* _Data provided_:
┄┄┄┄┄┄┄┄┄┄

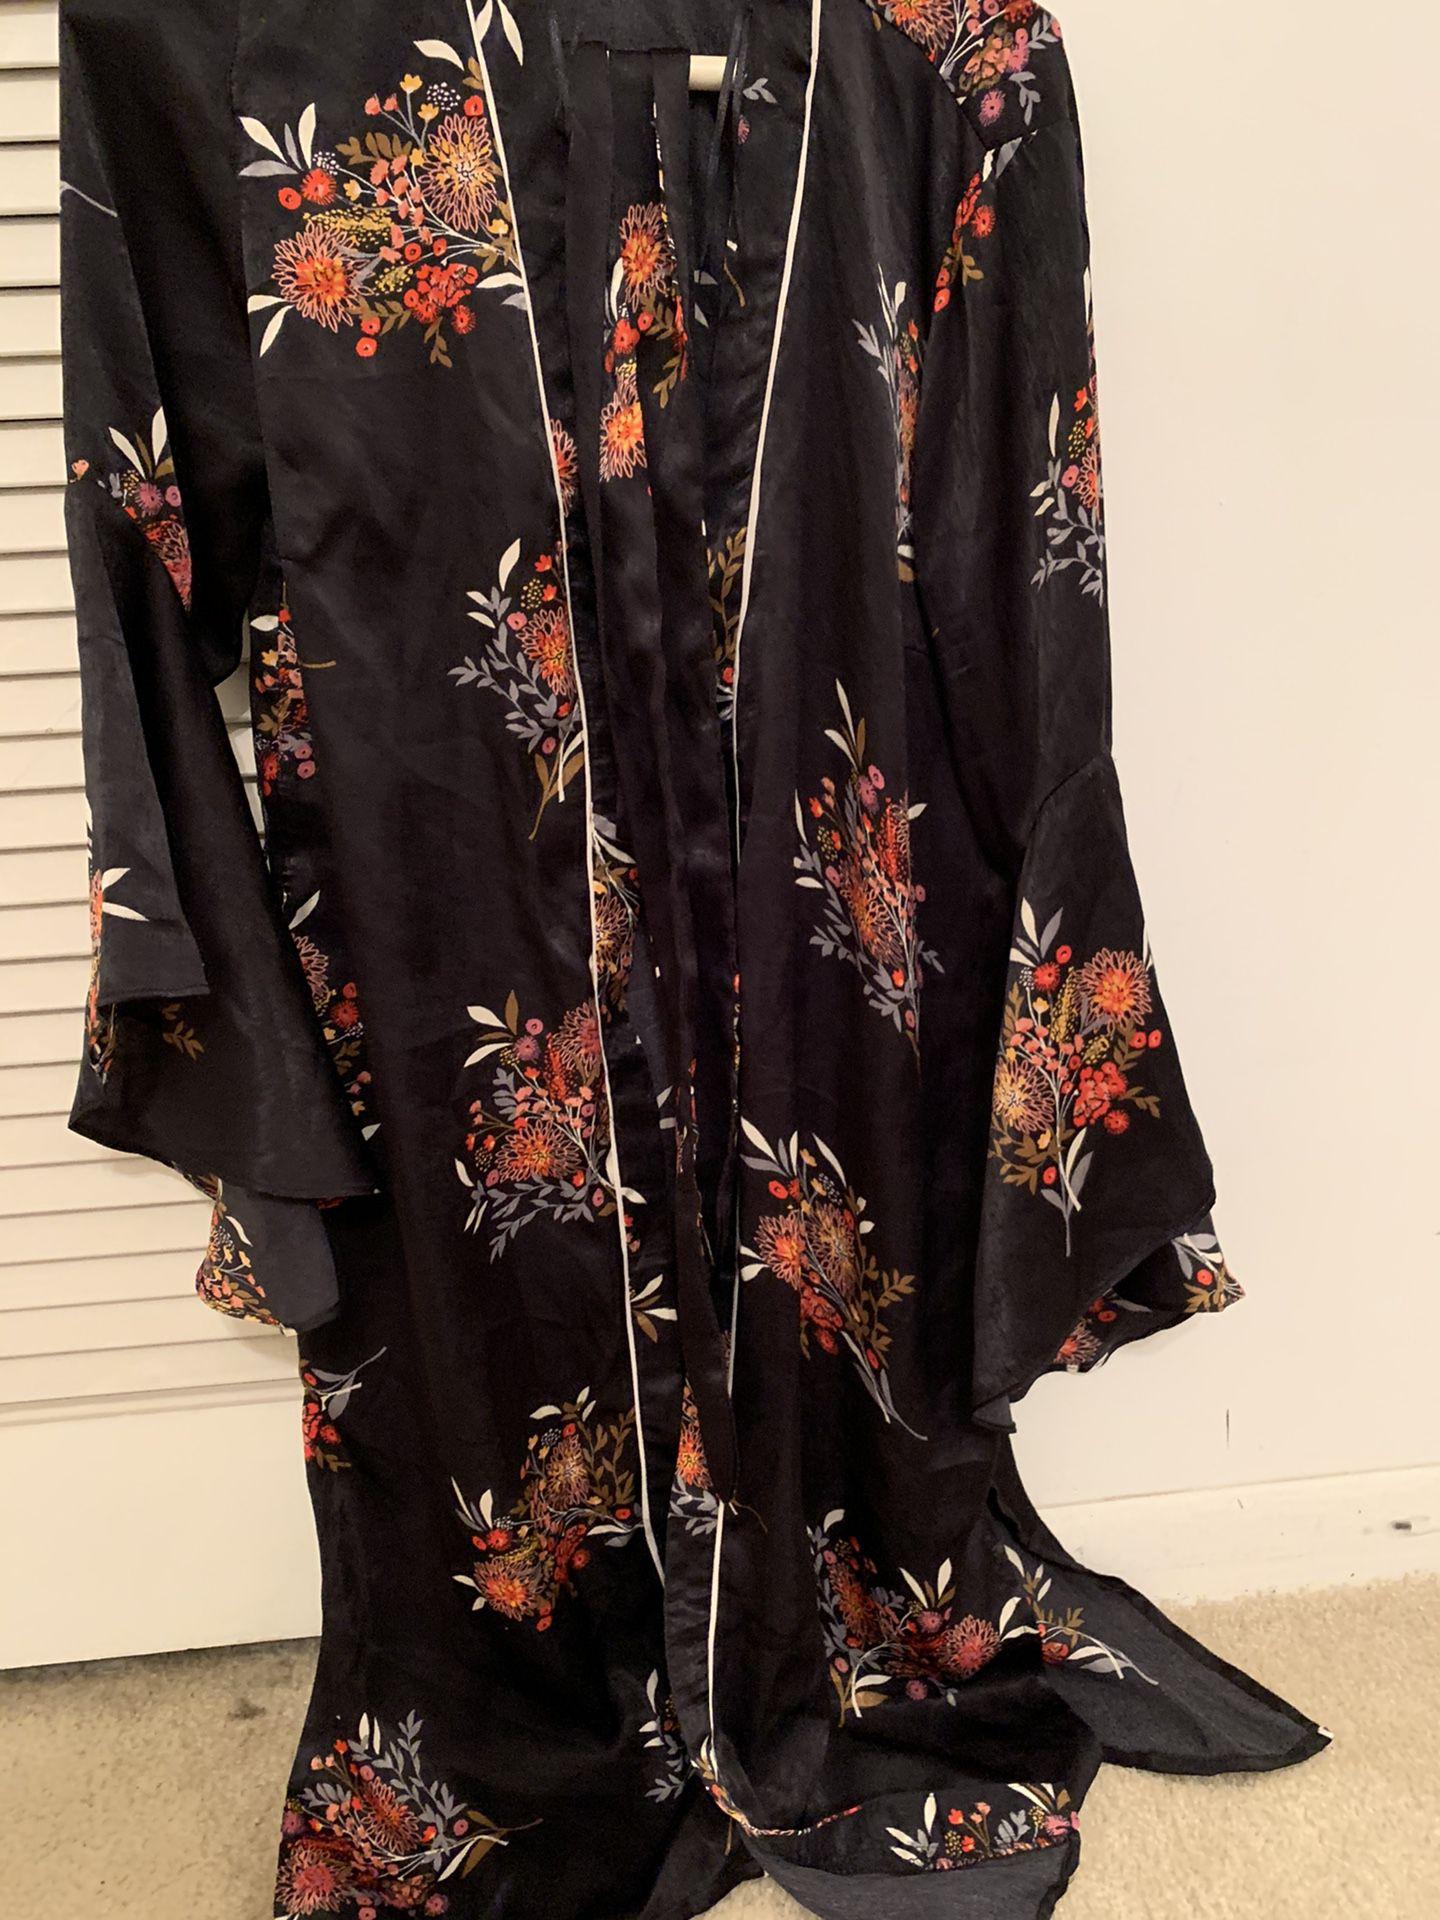 Brand new size 4 night wear
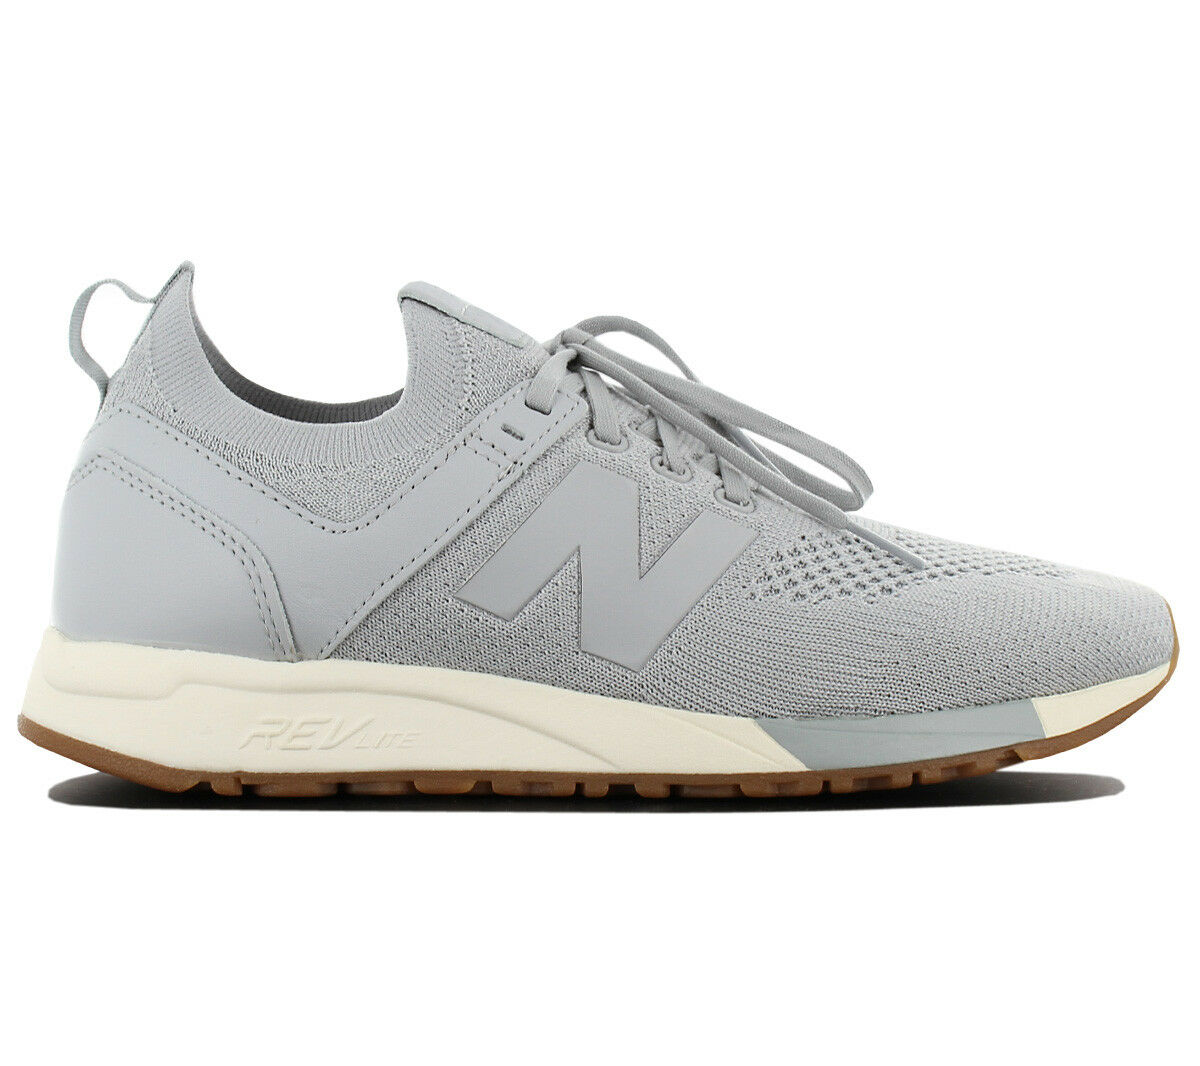 New Balance Lifestyle 247 MRL247DS Herren Turnschuhe Grau Schuhe REVlite Turnschuhe
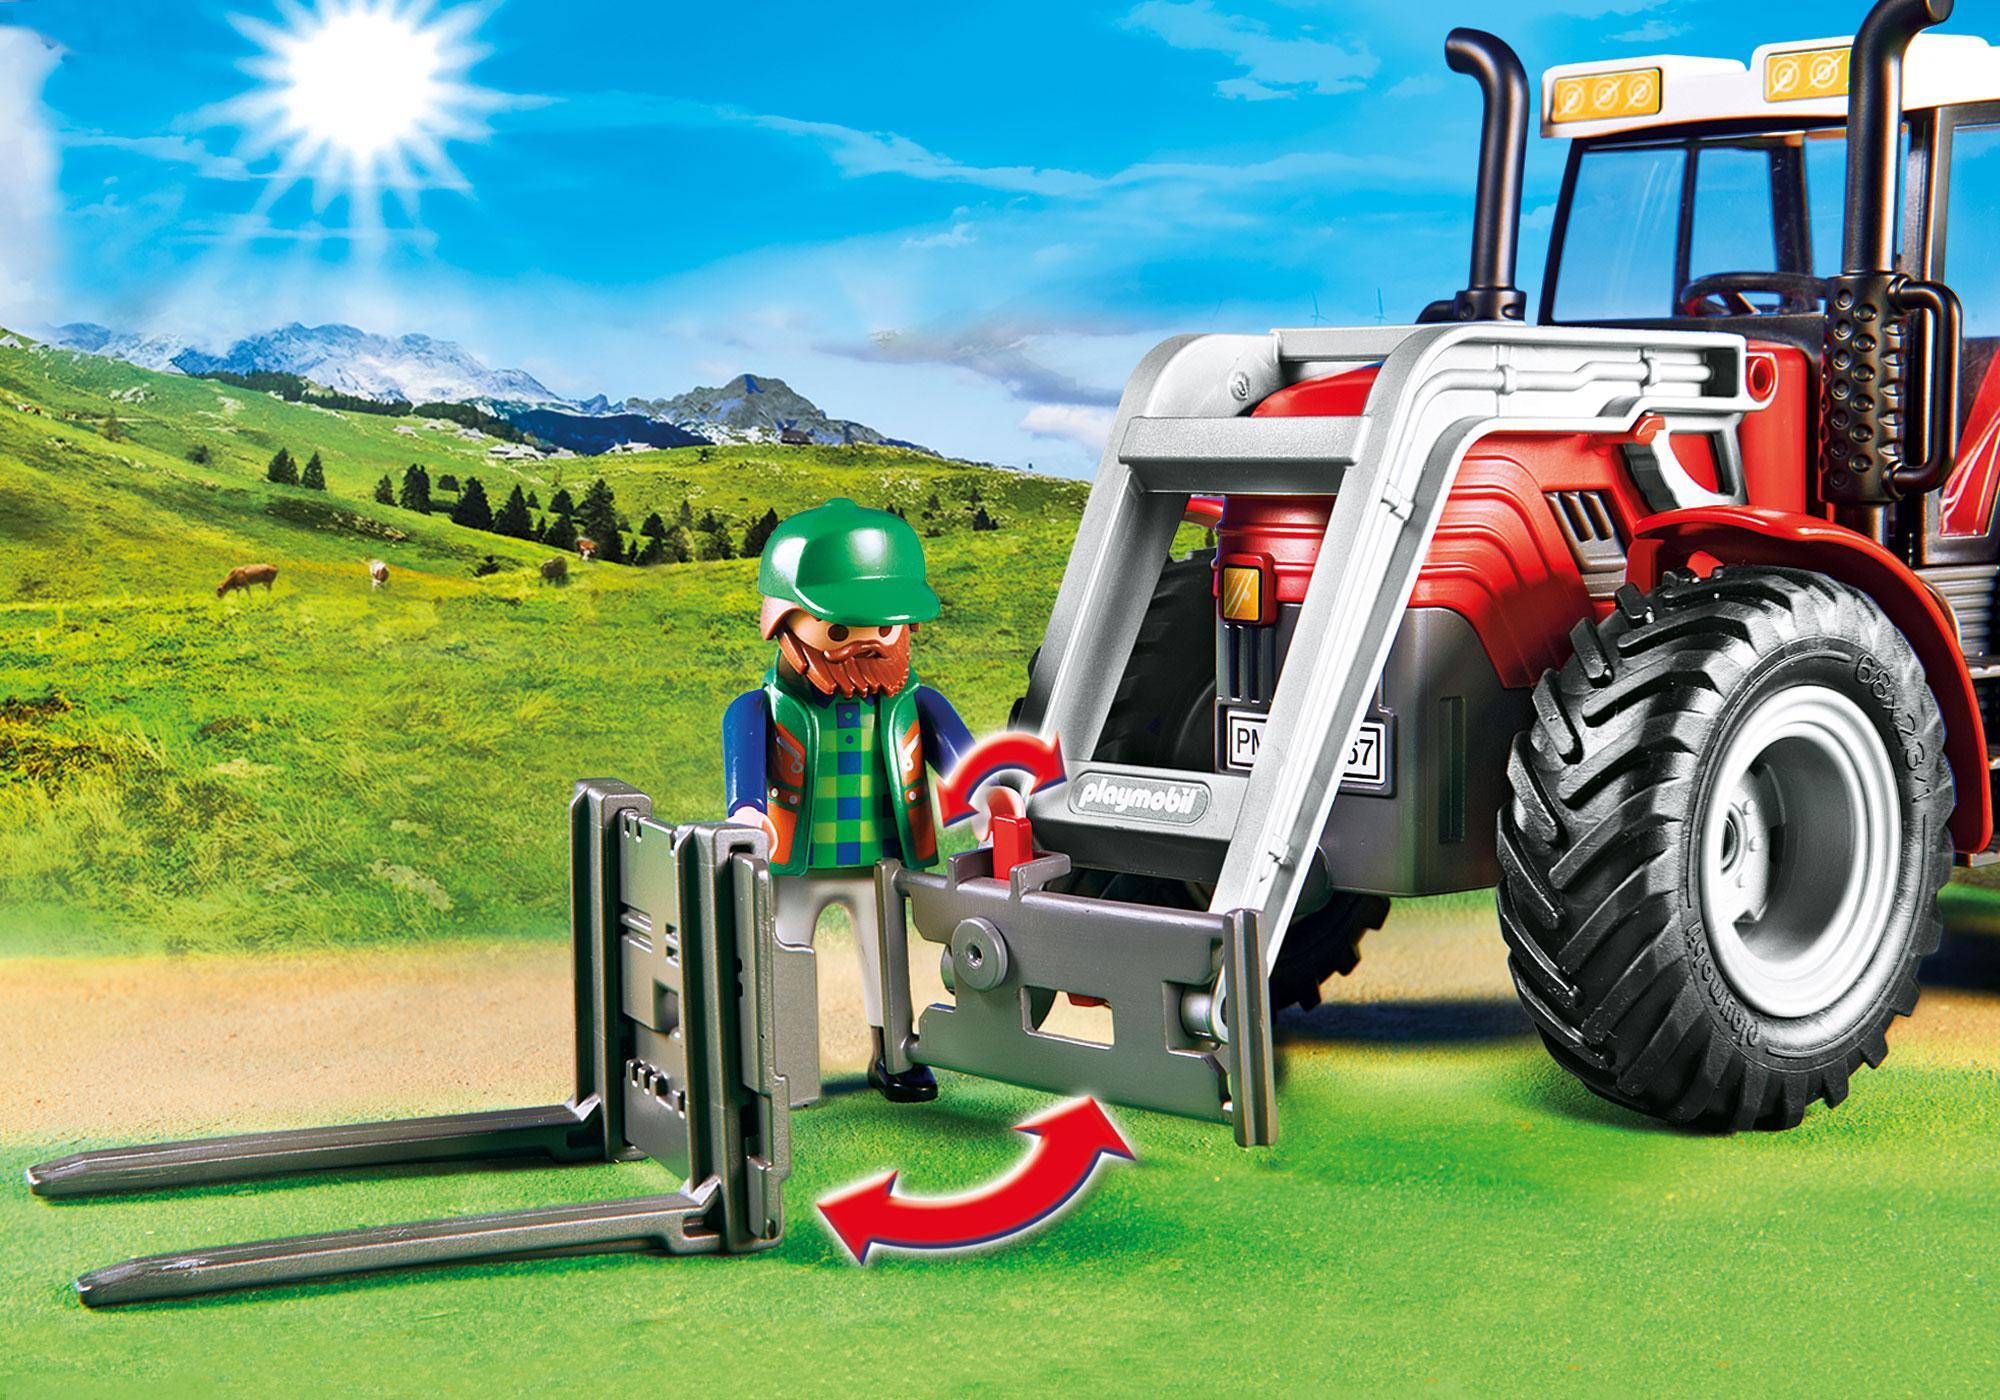 http://media.playmobil.com/i/playmobil/6867_product_extra2/Tractor

┄┄┄┄┄┄┄┄┄┄

* _What to do_:
Your answer should be the lines from the line containing "New Balance Lifestyle" through the end of the listing above, output exactly and alone, without the pictures.

* _Solution_:
 New Balance Lifestyle 247 MRL247DS Herren Turnschuhe Grau Schuhe REVlite Turnschuhe
 http://media.playmobil.com/i/playmobil/6867_product_extra2/Tractor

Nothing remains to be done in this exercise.